BekasiBerita Utama

Usulan CPNS Dua Kali Lipat

Tenaga Pendidik dan Kesehatan Terbanyak

ILUSTRASI: Salah satu guru sedang berdialog dengan siswanya di salah satu sekolah Negeri di Bekasi, beberapa waktu lalu. Lebih dari 200 Guru PNS di tingkat SD dan SMP di Kota Bekasi memasuki masa pensiun. RAIZA SEPTIANTO/RADAR BEKASI.

RADARBEKASI.ID, BEKASI  – Pemerintah Kota Bekasi mengusulkan formasi penerimaan Calon Pegawai Negeri Sipil (CPNS) dua kali lipat lebih banyak dibandingkan tahun 2019. Hal ini dilakukan setelah tidak adanya penerimaan CPNS dan banyak  pegawai yang pensiun di tahun 2020.

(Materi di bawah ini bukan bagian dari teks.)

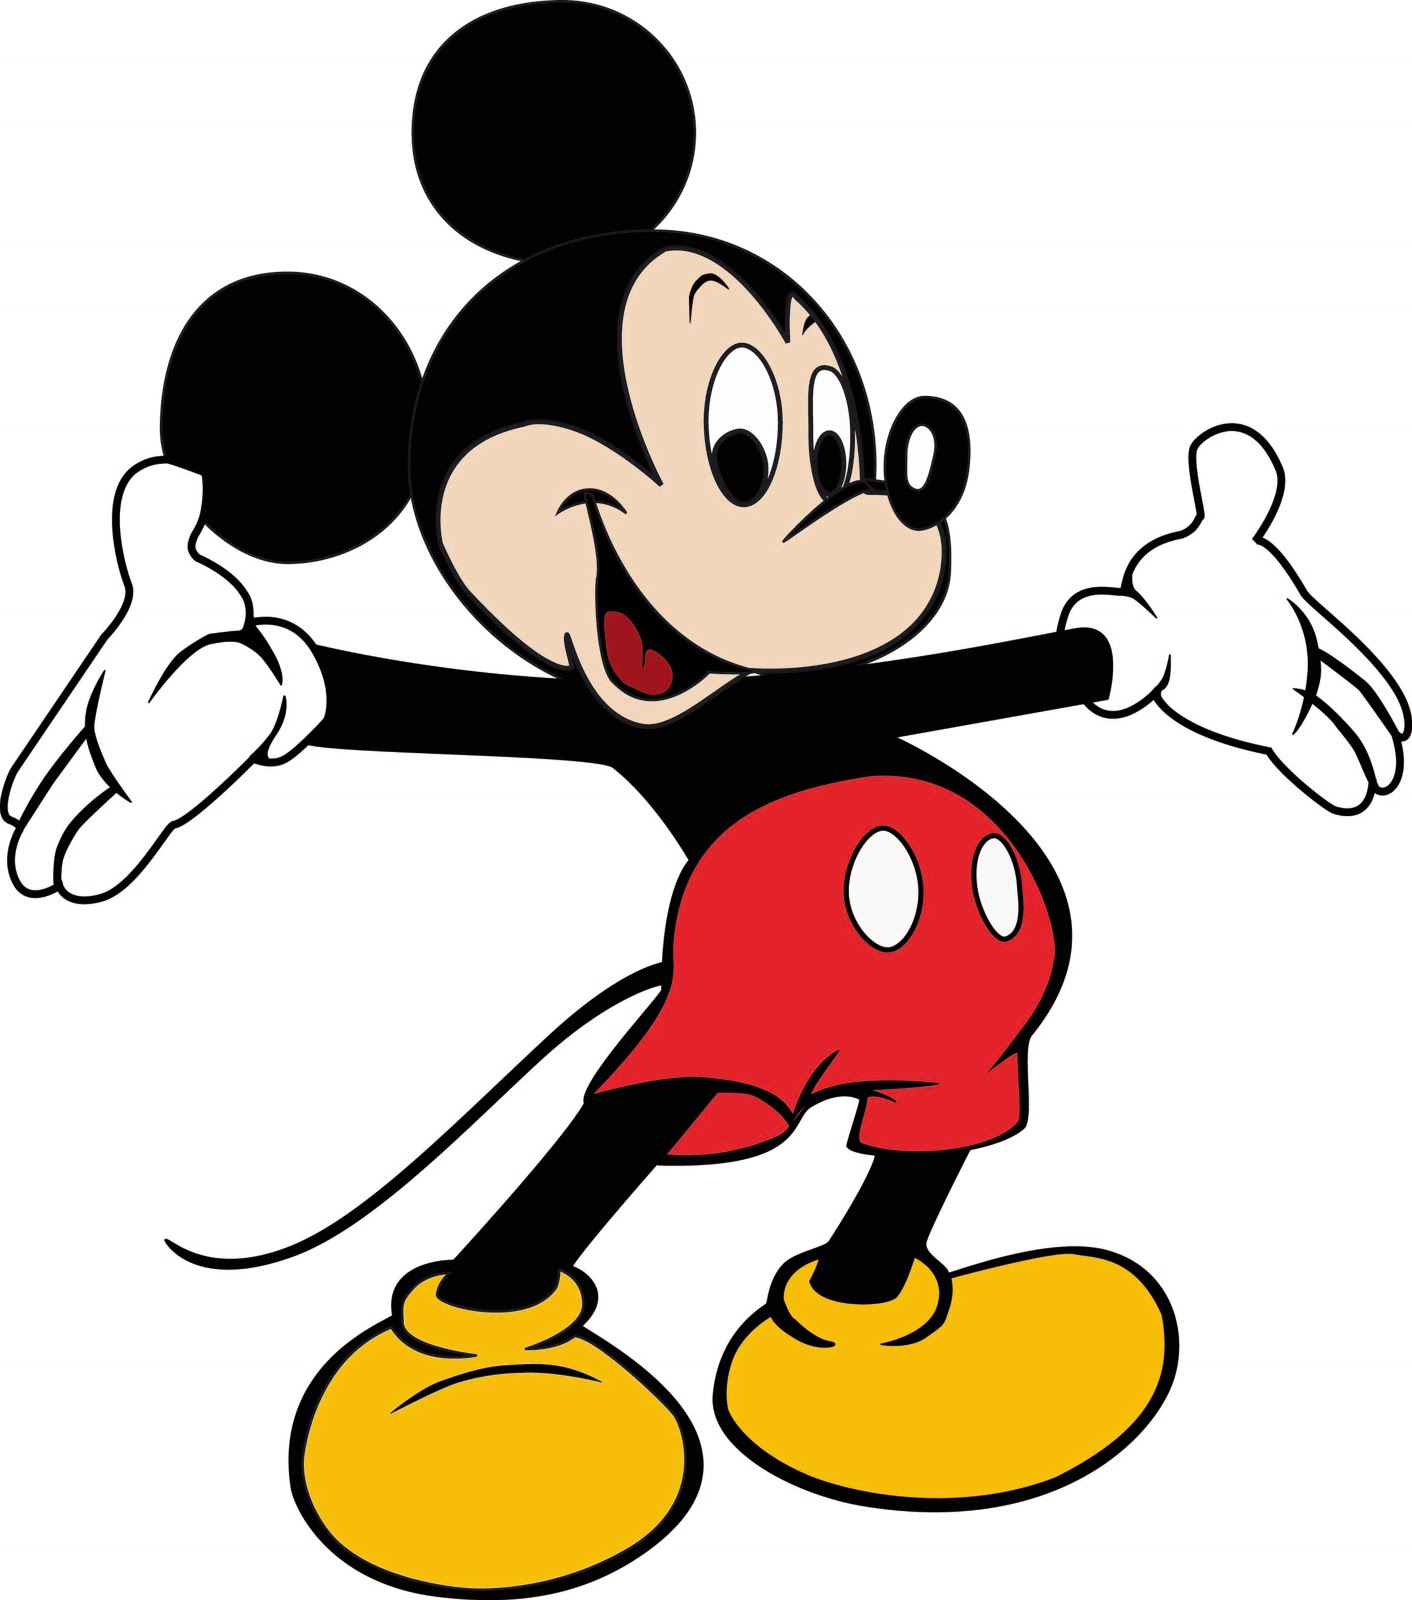 Gambar Mickey Mouse - ClipArt Best
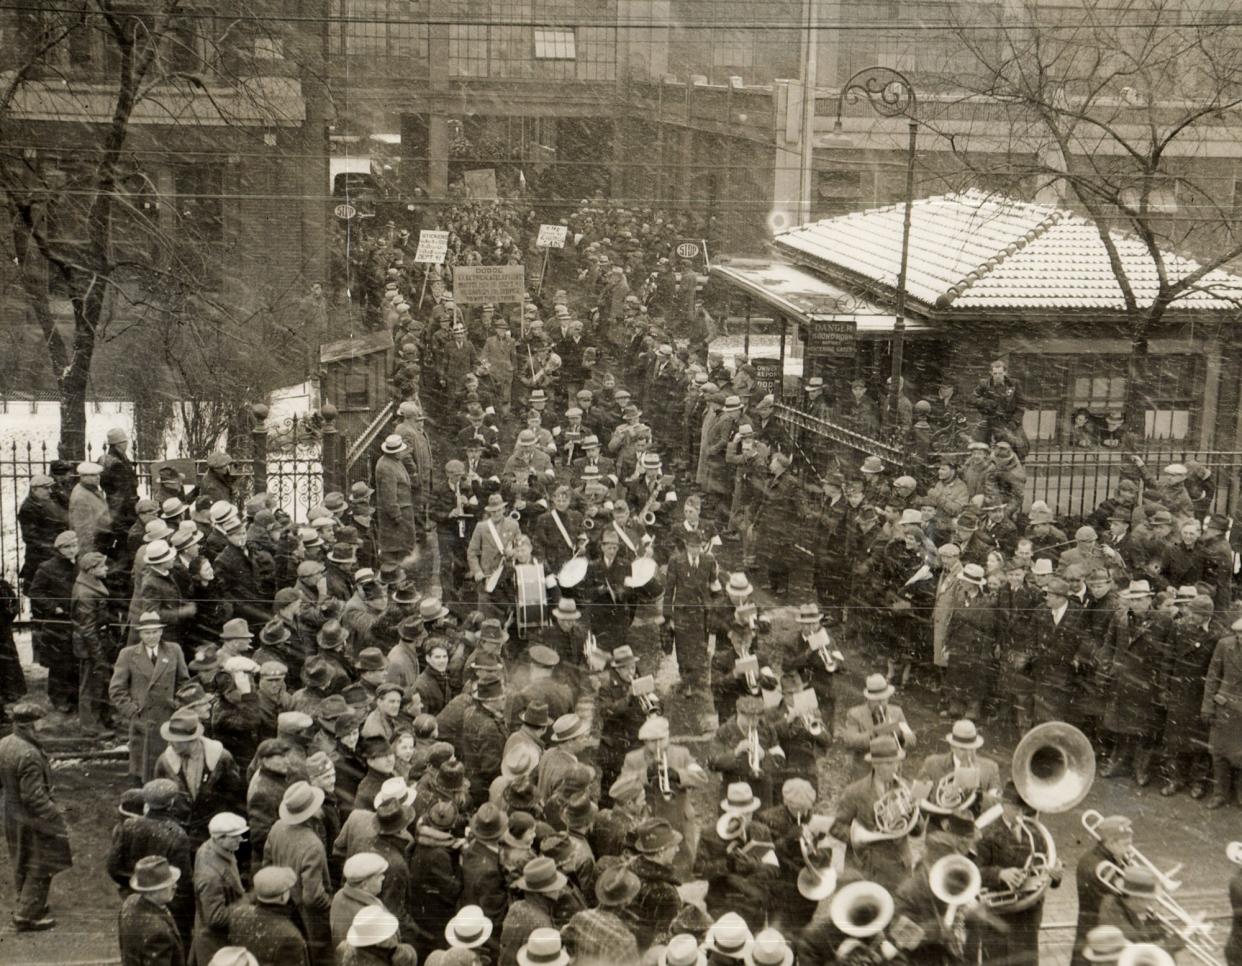 UAW workers parade out of the Dodge Main plant in Hamtramck behind the color guard and blaring brass band in March 1937, at the end of a long and bitter strike.

Kuota formasi masih didominasi oleh tenaga pendidikan, Badan Kepegawaian Negara (BKN) merilis 11.580 jabatan kosong di berbagai instansi kementerian, lembaga, dan instansi daerah, dapat diusulkan kembali kepada kementerian Pendayagunaan Aparatur Negara dan Reformasi Birokrasi (PAN-RB).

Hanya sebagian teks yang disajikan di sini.